È quella SFERA DELLA MORTE a far sì che tutt'a un tratto, come accade nell'ora della morte, appaiano le LASTRE FOTOGRAFICHE DELL'INFANZIA. Della mia infanzia. Perché colui che giace sul letto di morte sono IO - MORENTE, e il SOLDATINO sul CARRETTINO / sul mio carrettino /, da me evocato, sono IO - QUANDO A VEVO SEI ANNI. Con il suo SEGUITO formato nei sogni infantili da soli GENERALI, un SEGUITO fedele che lo difende e con il quale gioca.
È quella SFERA DELLA MORTE a far sì che la fama e la gloria della nazione appaiano sotto FORMA dello splendore mortuario e della decadenza della morte.

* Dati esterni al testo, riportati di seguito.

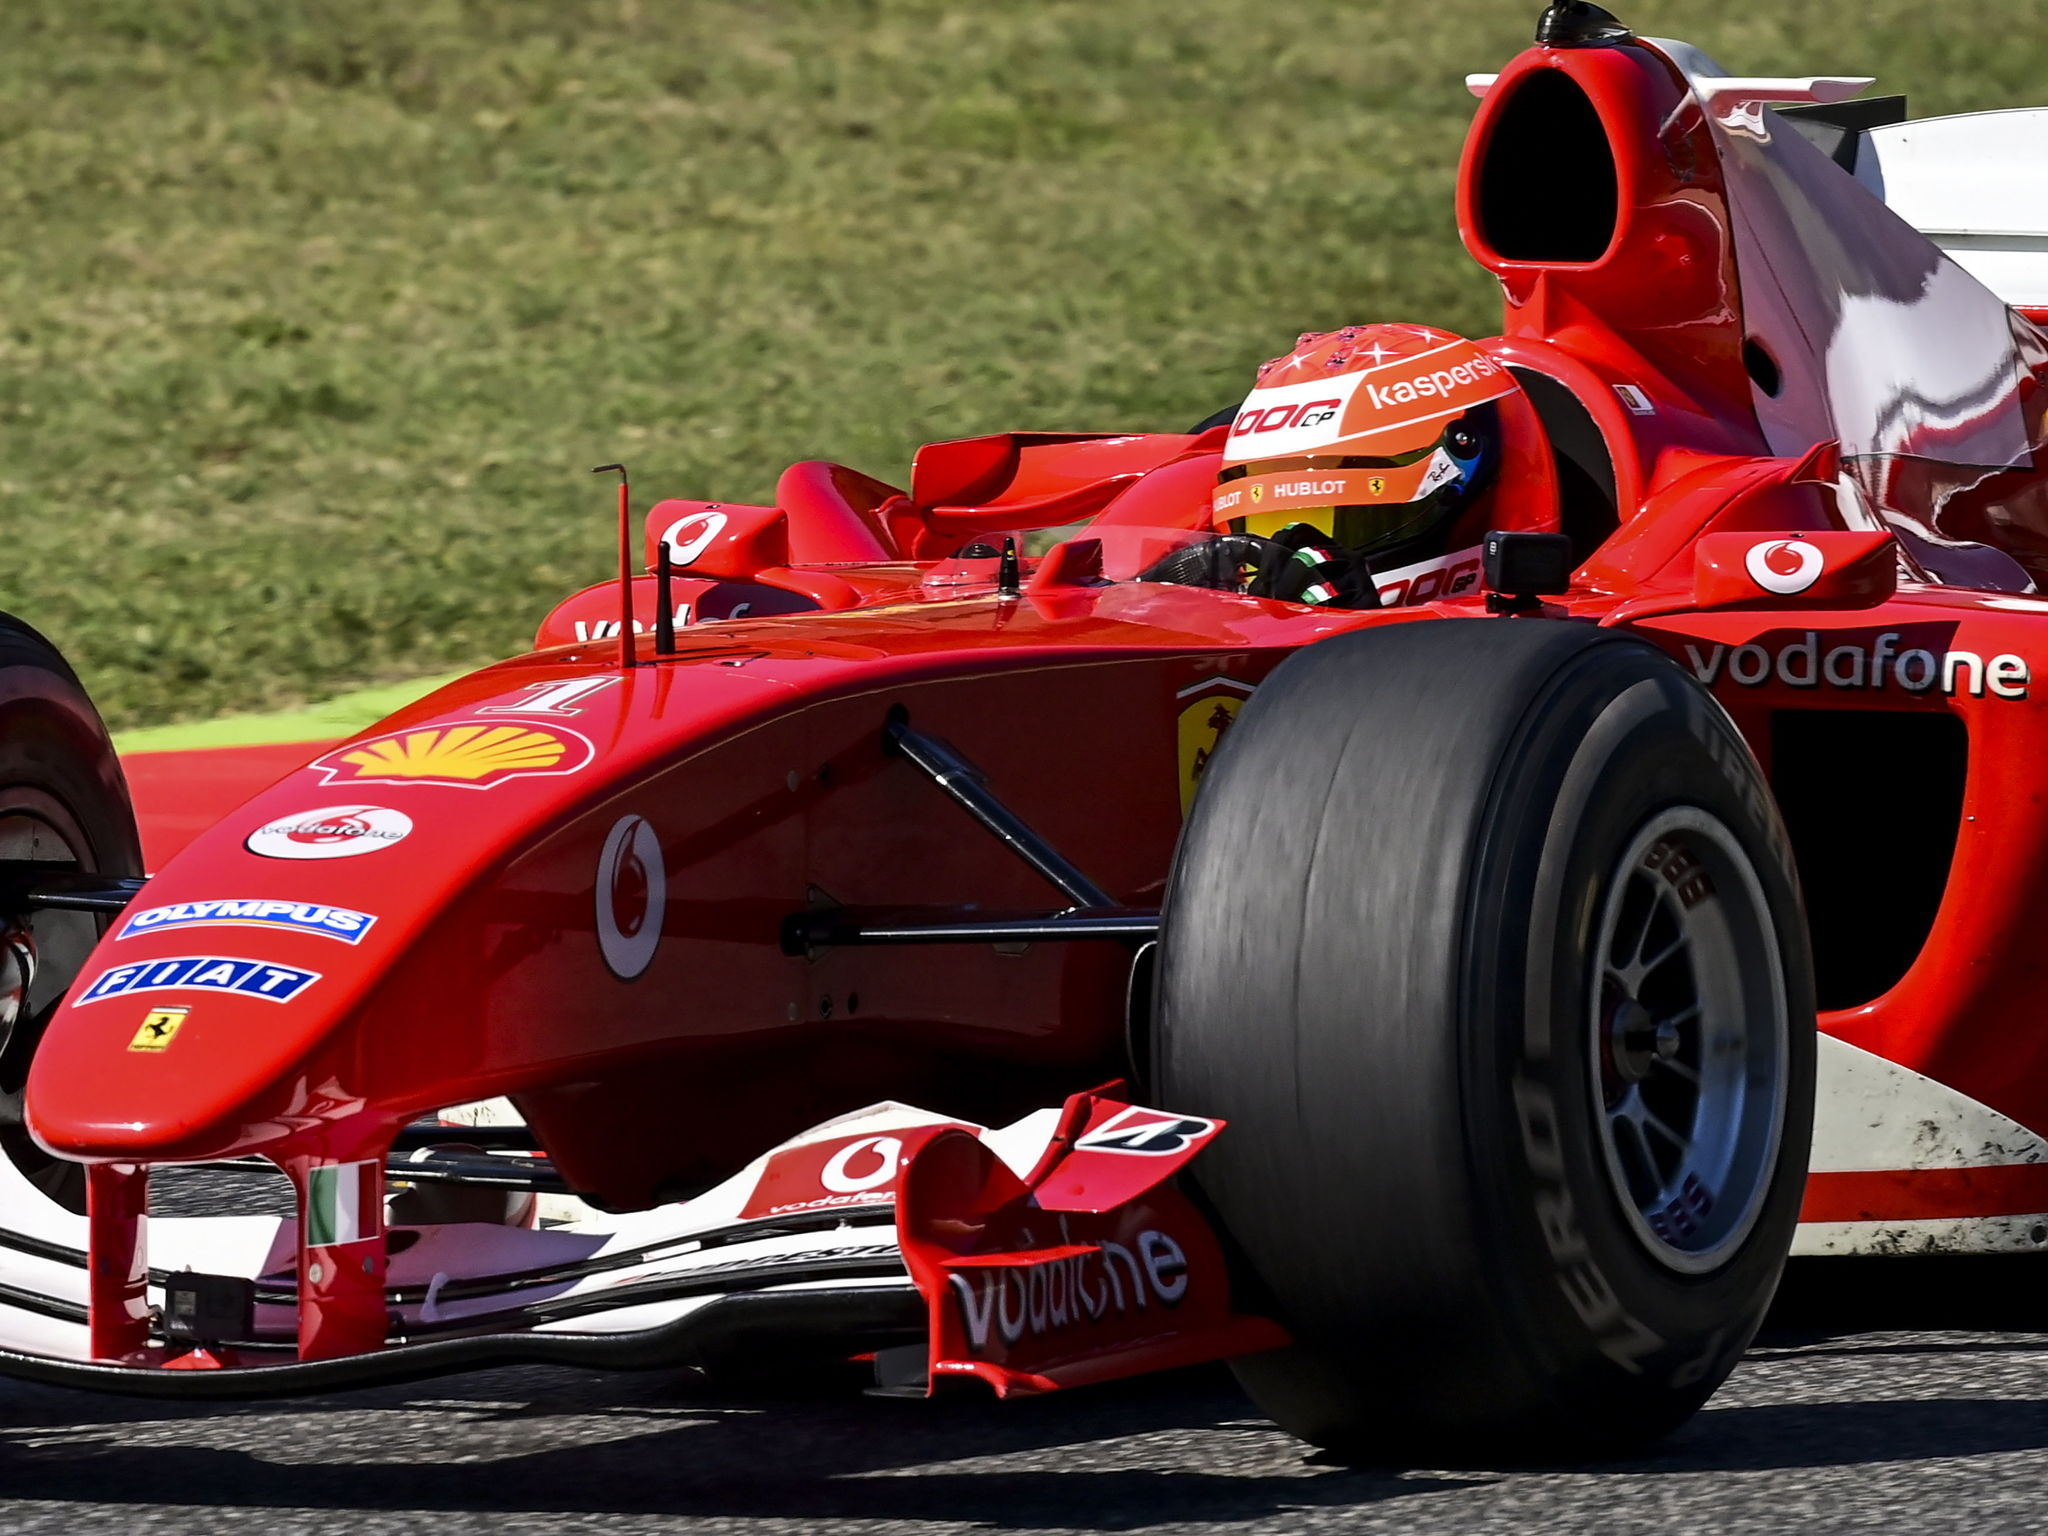 Mugello (Italy), 13/09/2020.- lt;HIT gt;Mick lt;/HIT gt; lt;HIT gt;Schumacher lt;/HIT gt; drives the Ferrari F2004 of his father Michael lt;HIT gt;Schumacher lt;/HIT gt; during a display run ahead of the Formula One Grand Prix of Tuscany at the race track in Mugello, Italy 13 September 2020. (Fórmula Uno, Italia) EFE/EPA/Miguel Medina / Pool

È quella sfera della morte a far sì che, cercando nella vita un corrispondente del rituale della morte, della SEPOLTURA, lo troviamo nel concetto della PRIGIONE ... come davanti a una tomba aperta ... si chiusero dietro a lui le porte della prigione.
È quella SFERA DELLA MORTE a far sì che, all'immagine dell'OPERA D'ARTE, la più nobile espressione dello spirito umano, si sovrapponga impietosa mente lo lastra fotografica della PRIGIONE e del SUPPLIZIO.